Imagine a perfect world in which there is no batch effect between your data and the public data. Your sample is closest to, say, sample X in the public data, differing by some distance $d$. If you introduce a batch effect that is orthogonal to the vector difference between your samples, the distance between samples becomes $\sqrt{d^2 + b^2}$ where $b$ is the length of the batch vector - this is just good ol' Pythagoras.

Further assume that the batch vector is

alsoorthogonal to the vector difference between your sample and some other public sample Y. If the distance between your sample and Y was $f$, then the new distance after introducing a batch effect is $\sqrt{f^2 + b^2}$. But if $d < f$, then $\sqrt{d^2 + b^2} < \sqrt{f^2 + b^2}$, so X is still a closer neighbor to your sample than Y in the presence of this batch effect.Repeat the application of this logic to all public samples, and you can see that if the batch effect is orthogonal to any (presumably biological) variation between samples, the nearest neighbor identities will be unchanged.
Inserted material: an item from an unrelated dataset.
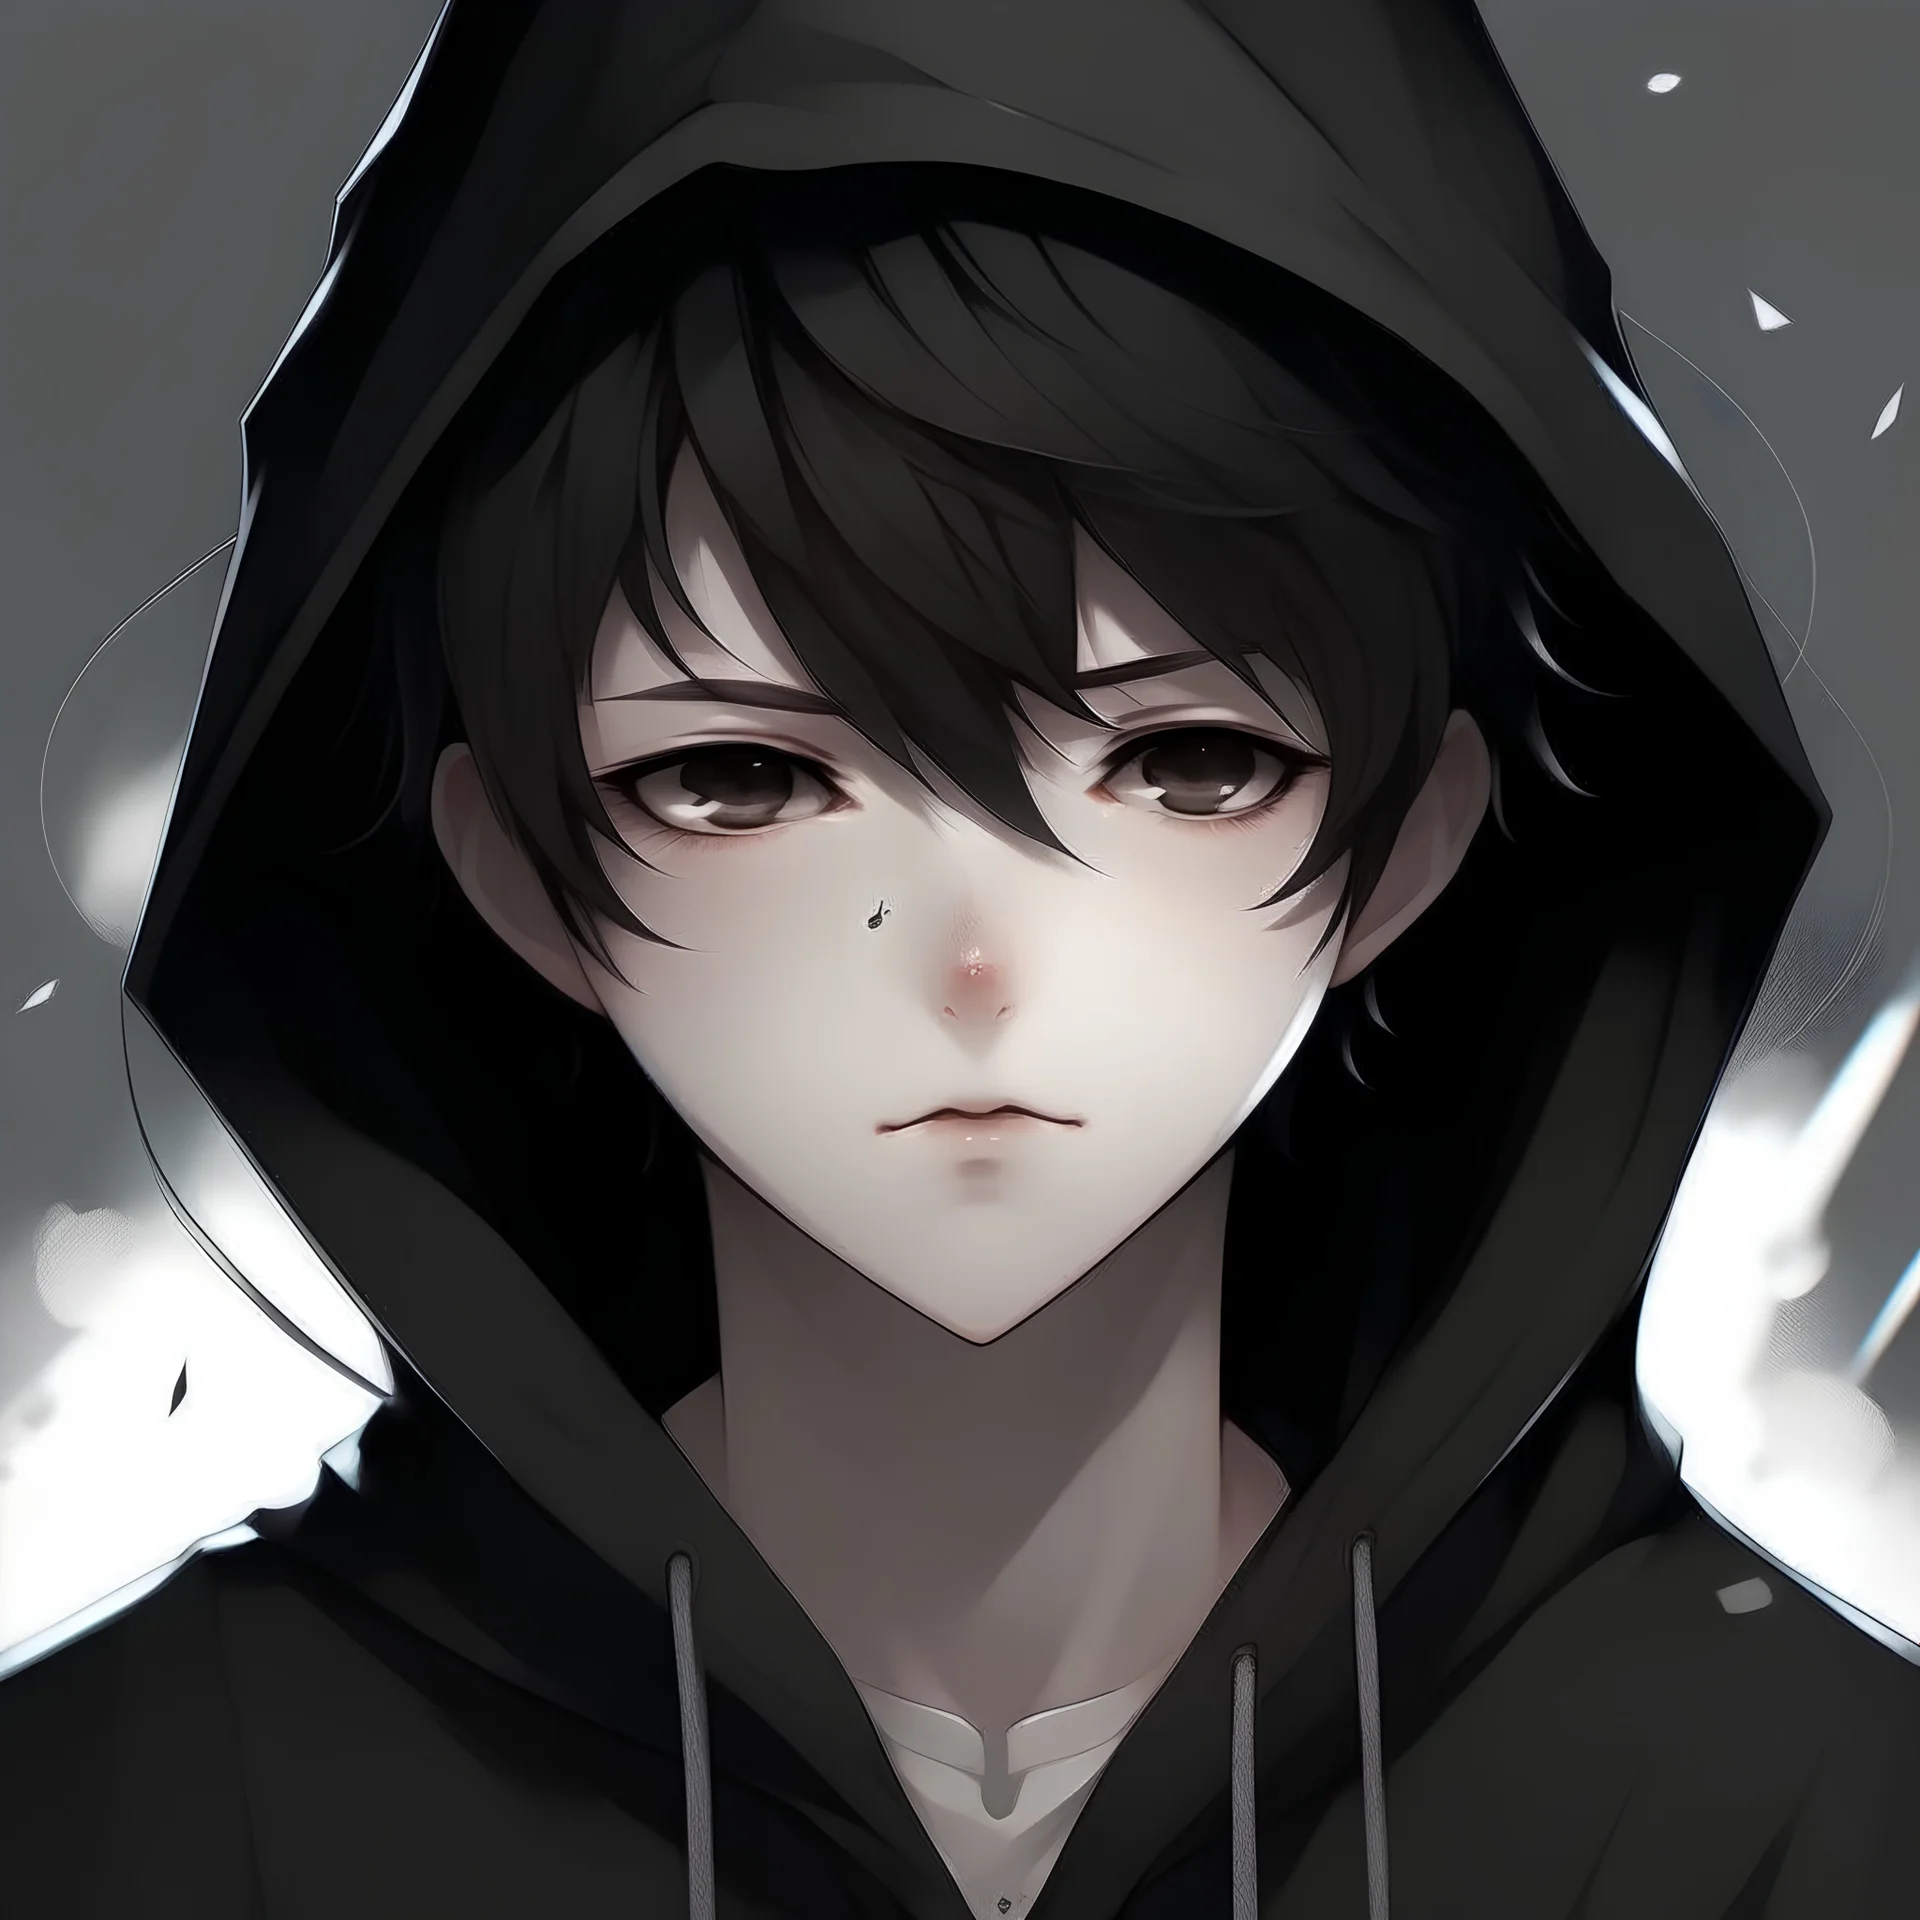 Realistic animated boy with white skin, short and messy hair that is black with white streaks through it, wearing black cloak less kawaii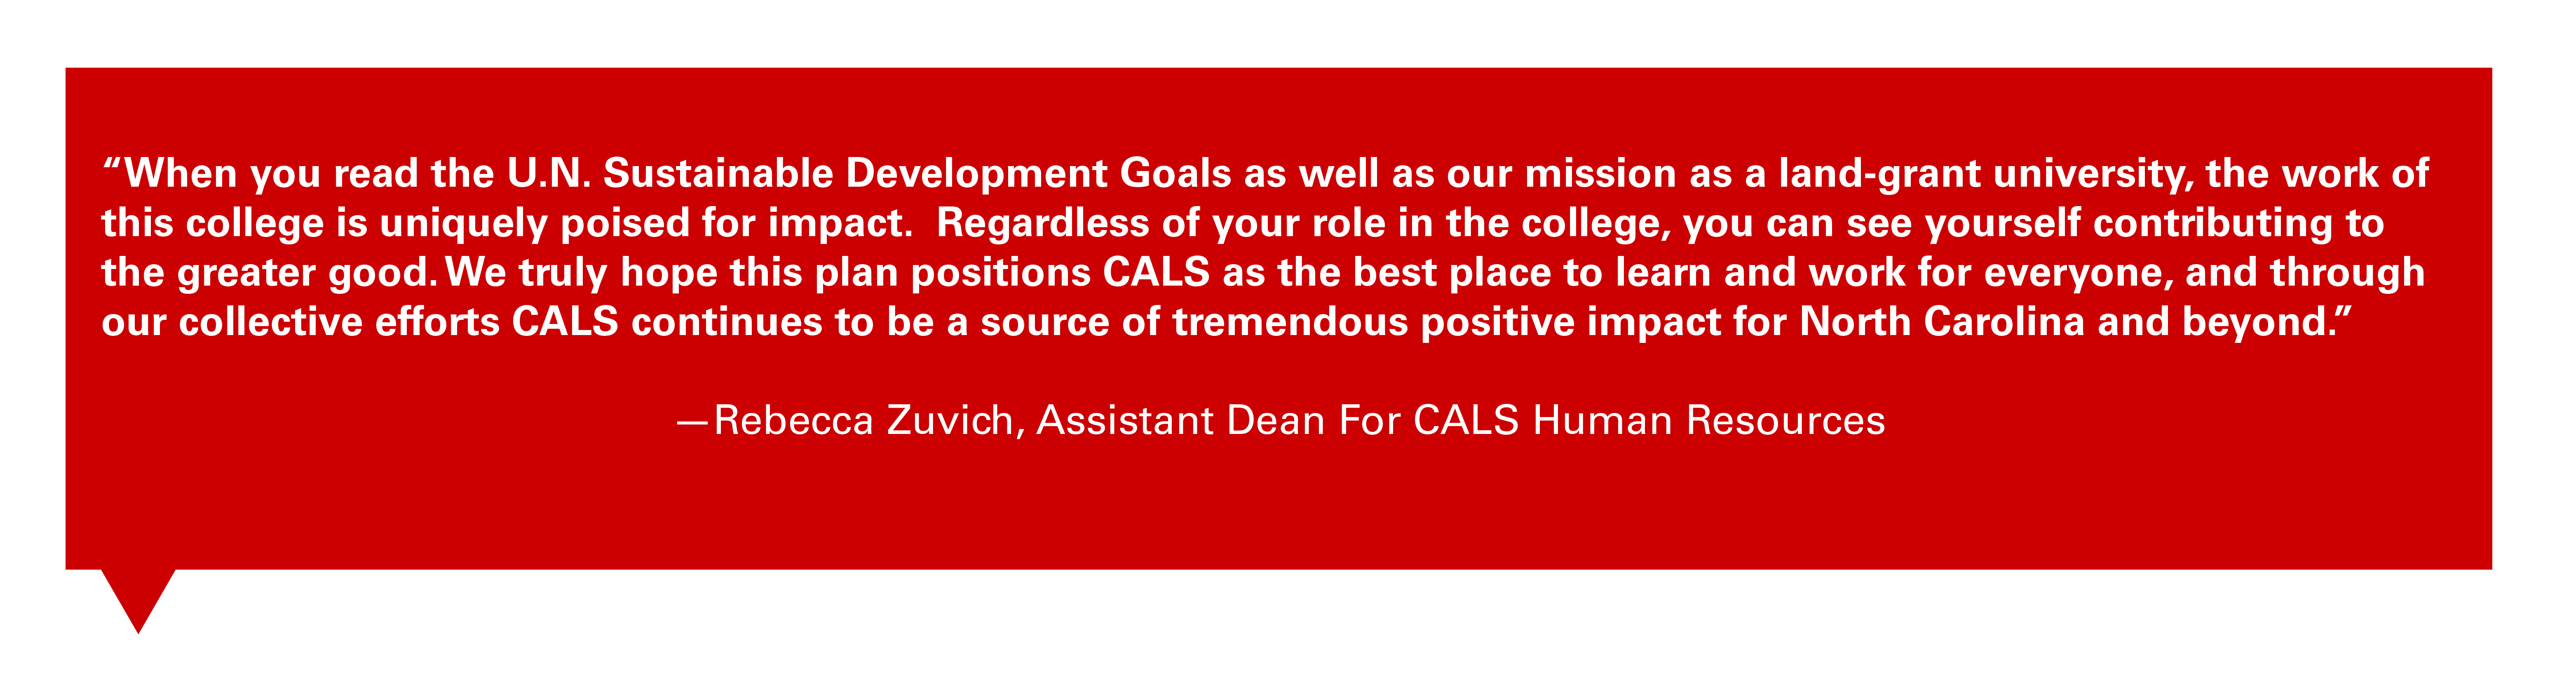 Quote from Rebecca Zuvich, CALS assistant dean for human resources: "When you read the U.N. Sustainable Development Goals as well as our mission as a land-grant university, the work of this college is uniquely poised for impact.  Regardless of your role in the college, you can see yourself contributing to the greater good. We truly hope this plan positions CALS as the best place to learn and work for everyone, and through our collective efforts CALS continues to be a source of tremendous positive impact for North Carolina and beyond."

Of course, in practice, this depends on noise and such, but hopefully it should be enough to get a good indication of what's going on. One could also search for the $k$ nearest neighbors and look for a sharp increase in the distance, but YMMV as high-dimensional distances become very similar.

Would it work if you calculate the adjustment coefficients using the controls only and then apply the adjustment to all samples? In that way controls from both databases will be centered and the large biological effect will not affect the adjustment.